*DIRECTIONS*. Find, in the records below, the line that contains "BMW X2 2022" and the line that contains "Picture of Unheated". Copy those two lines and everything between them exactly, but not the pictures.

*DATASET RECORDS*.
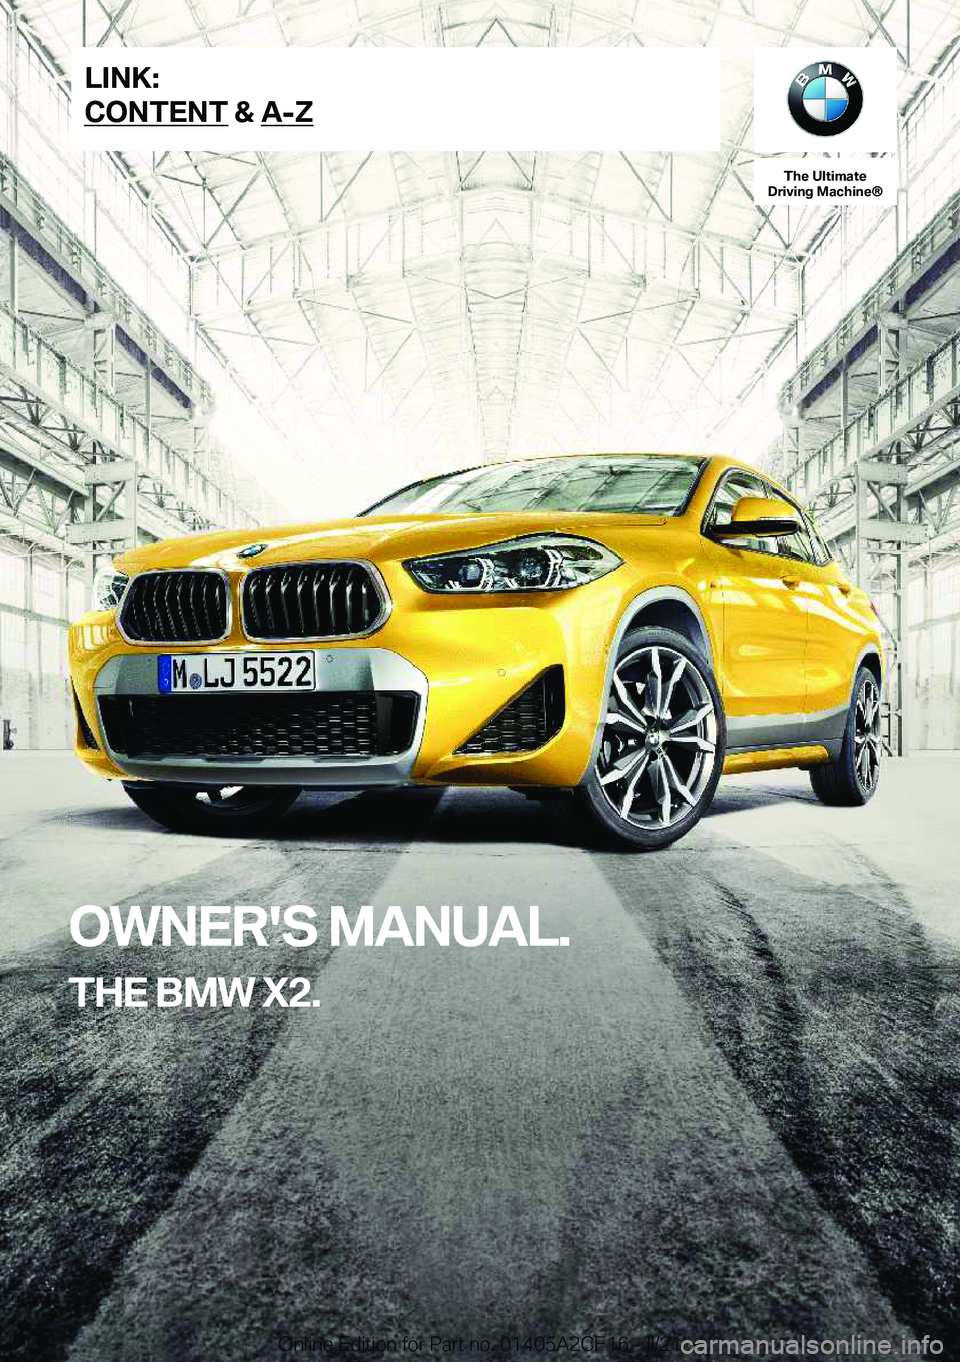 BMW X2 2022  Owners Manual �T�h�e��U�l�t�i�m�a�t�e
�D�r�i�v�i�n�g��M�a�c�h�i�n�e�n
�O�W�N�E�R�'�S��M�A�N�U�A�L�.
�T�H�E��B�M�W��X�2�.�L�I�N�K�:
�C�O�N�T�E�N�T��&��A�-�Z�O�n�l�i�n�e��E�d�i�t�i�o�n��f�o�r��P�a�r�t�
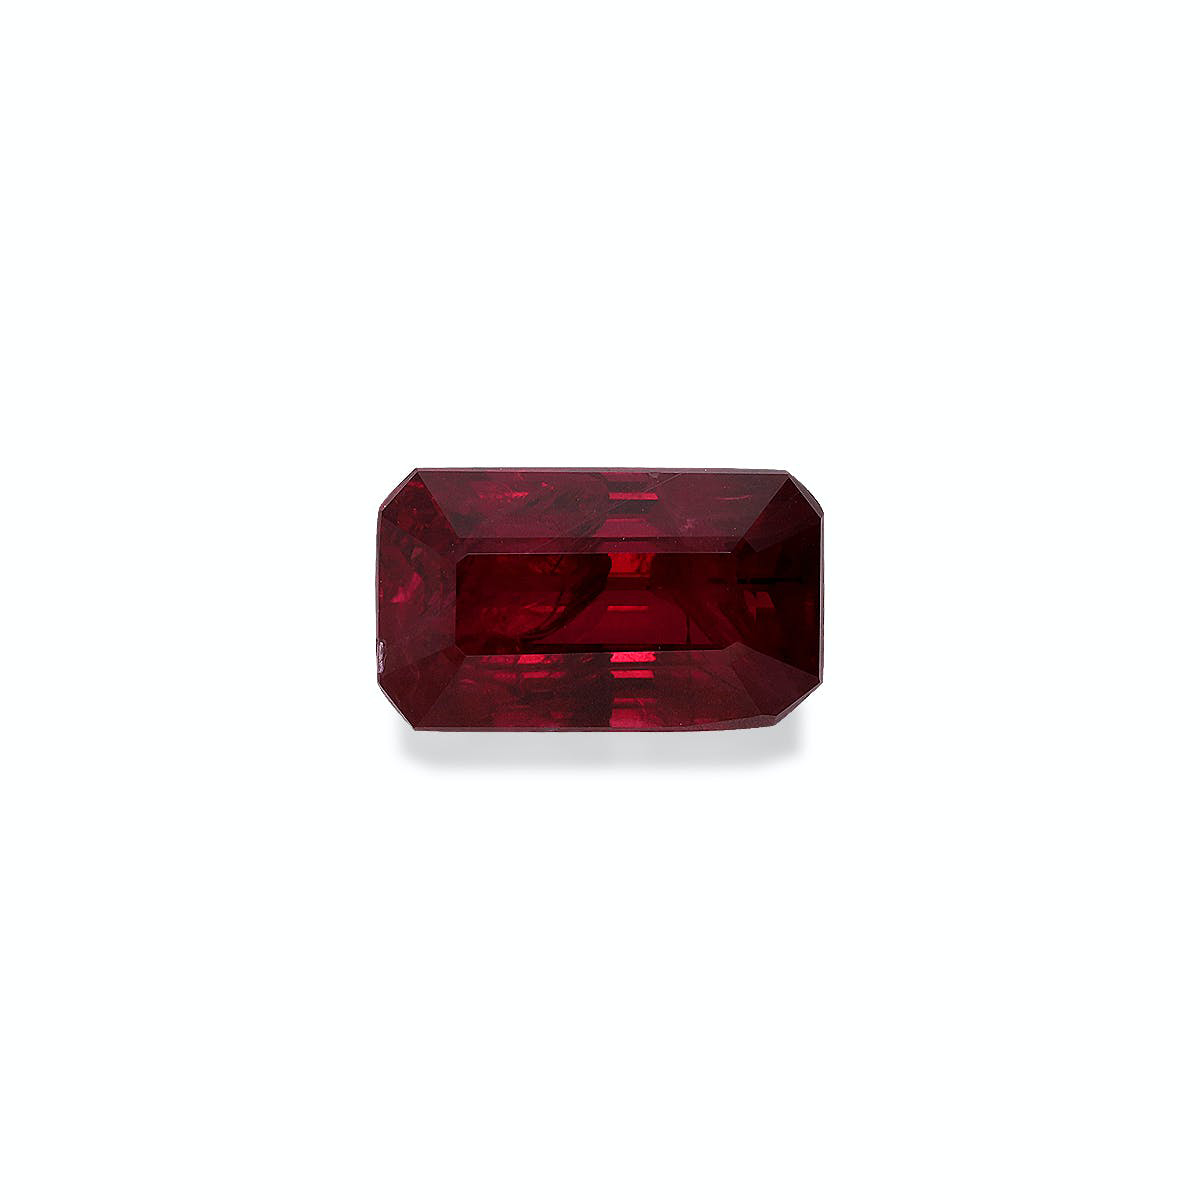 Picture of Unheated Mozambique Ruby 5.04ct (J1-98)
* * *
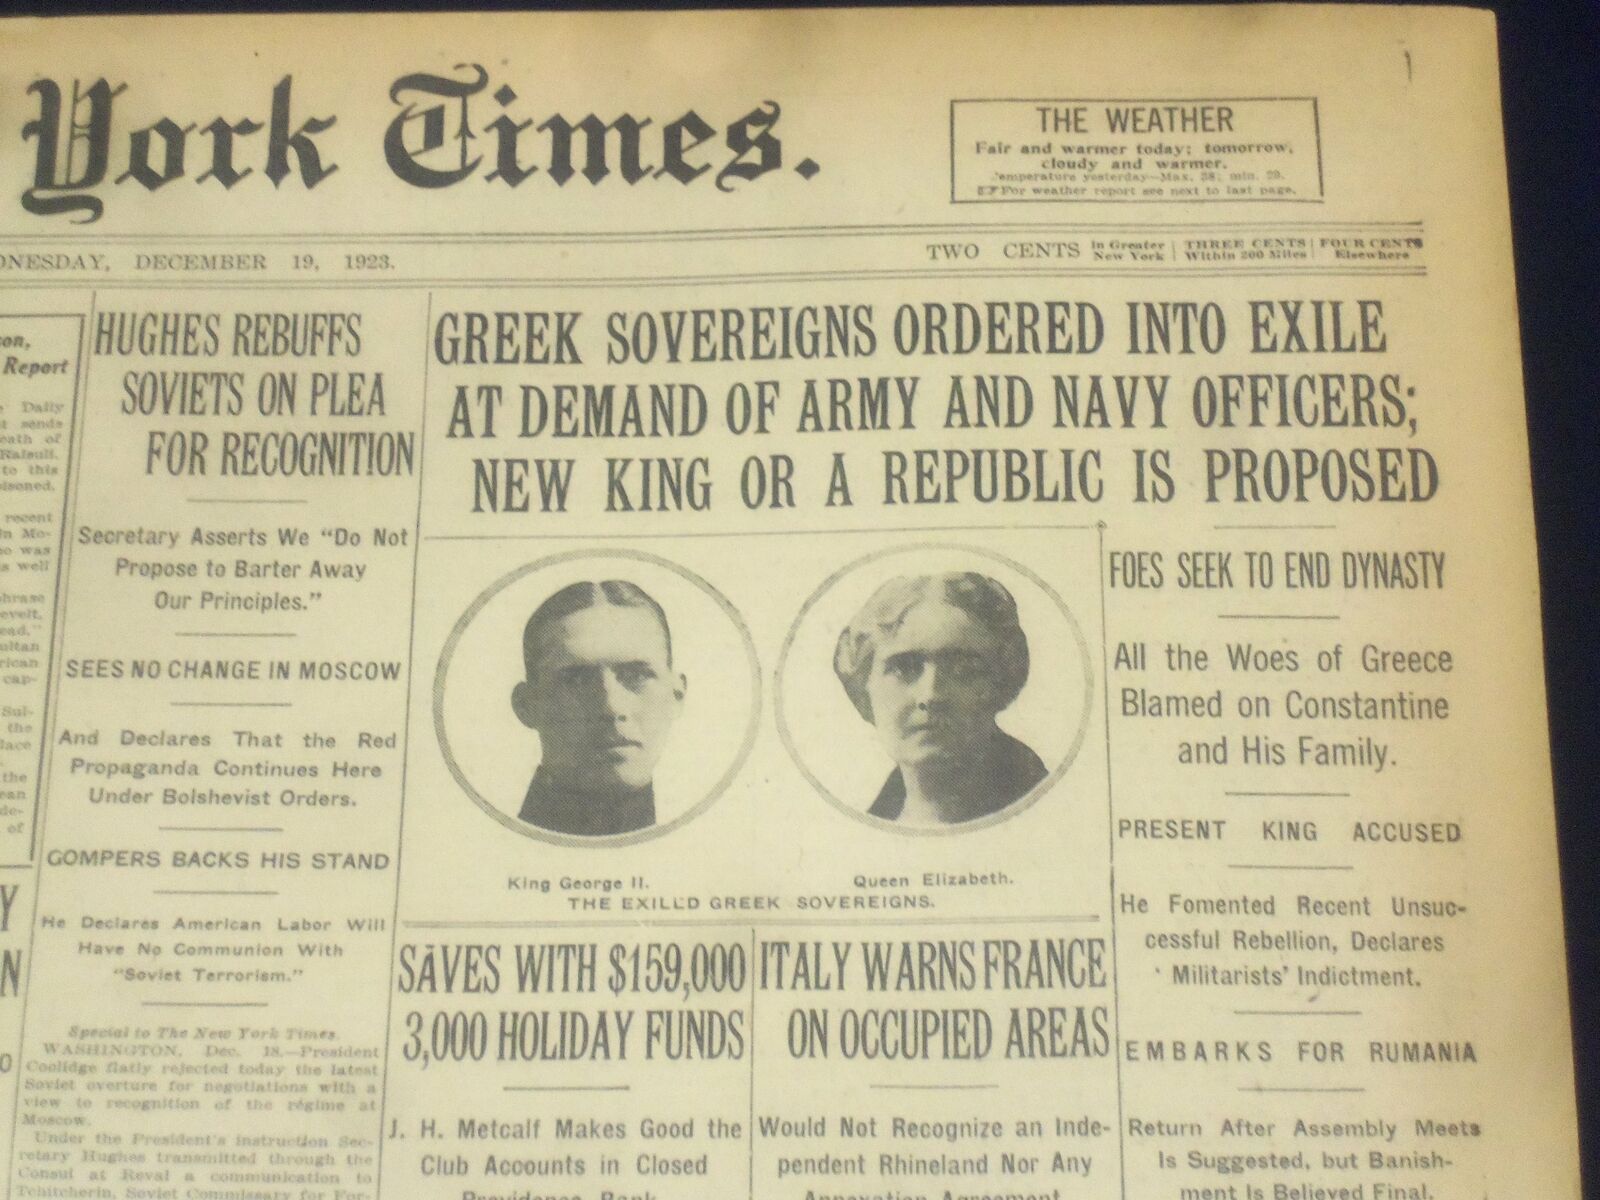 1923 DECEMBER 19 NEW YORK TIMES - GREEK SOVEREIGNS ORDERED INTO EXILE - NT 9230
* * *
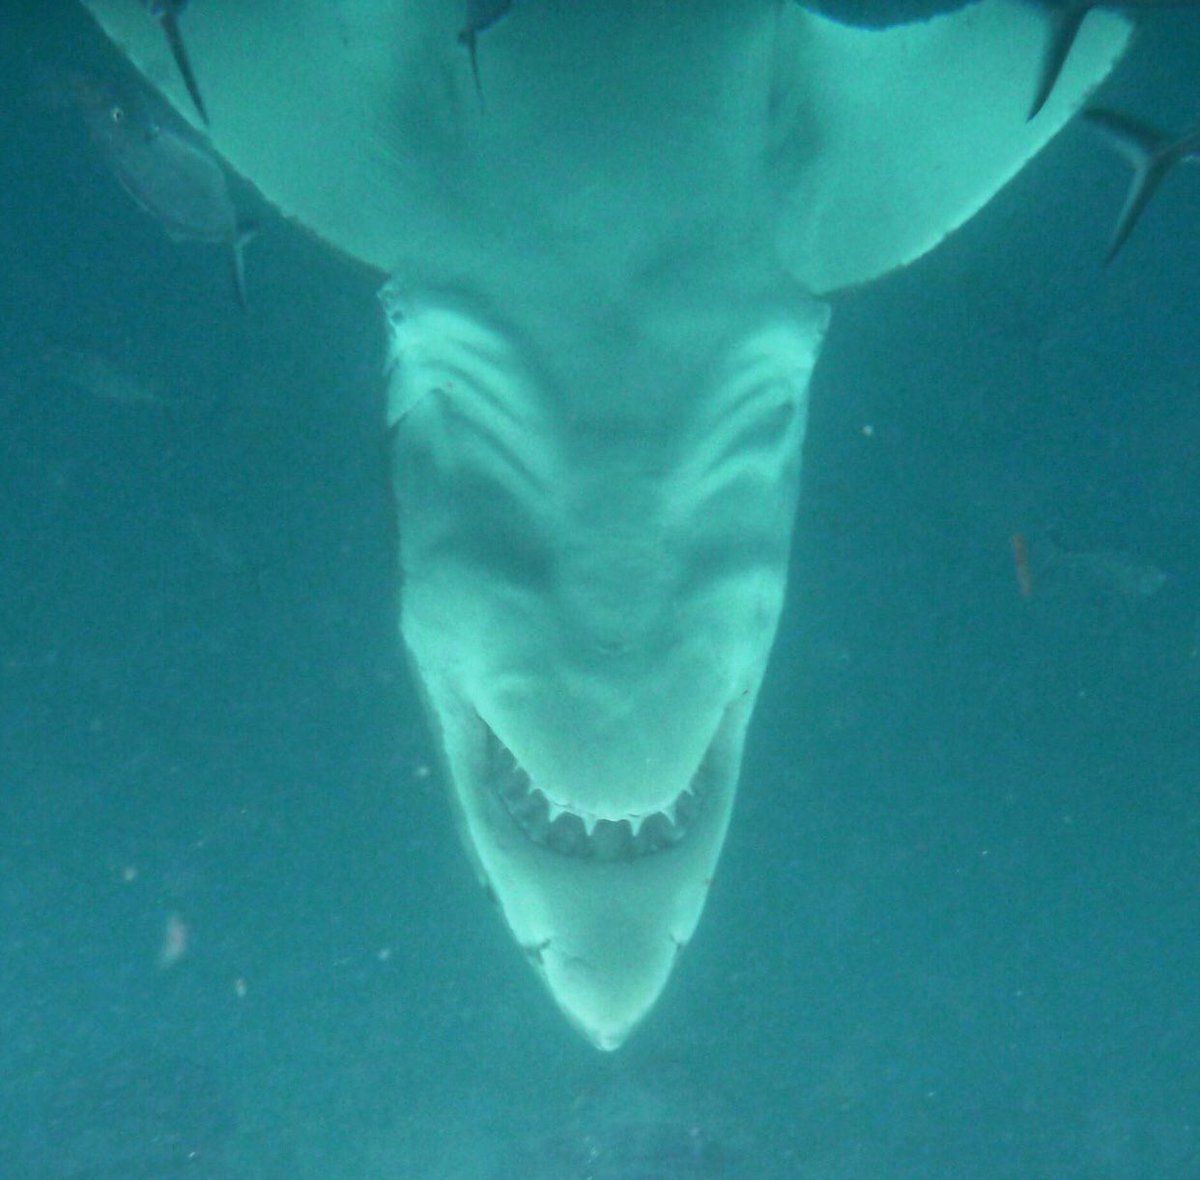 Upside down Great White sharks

*ANSWER BOX*.
 BMW X2 2022  Owners Manual �T�h�e��U�l�t�i�m�a�t�e
�D�r�i�v�i�n�g��M�a�c�h�i�n�e�n
�O�W�N�E�R�'�S��M�A�N�U�A�L�.
�T�H�E��B�M�W��X�2�.�L�I�N�K�:
�C�O�N�T�E�N�T��&��A�-�Z�O�n�l�i�n�e��E�d�i�t�i�o�n��f�o�r��P�a�r�t�
 Picture of Unheated Mozambique Ruby 5.04ct (J1-98)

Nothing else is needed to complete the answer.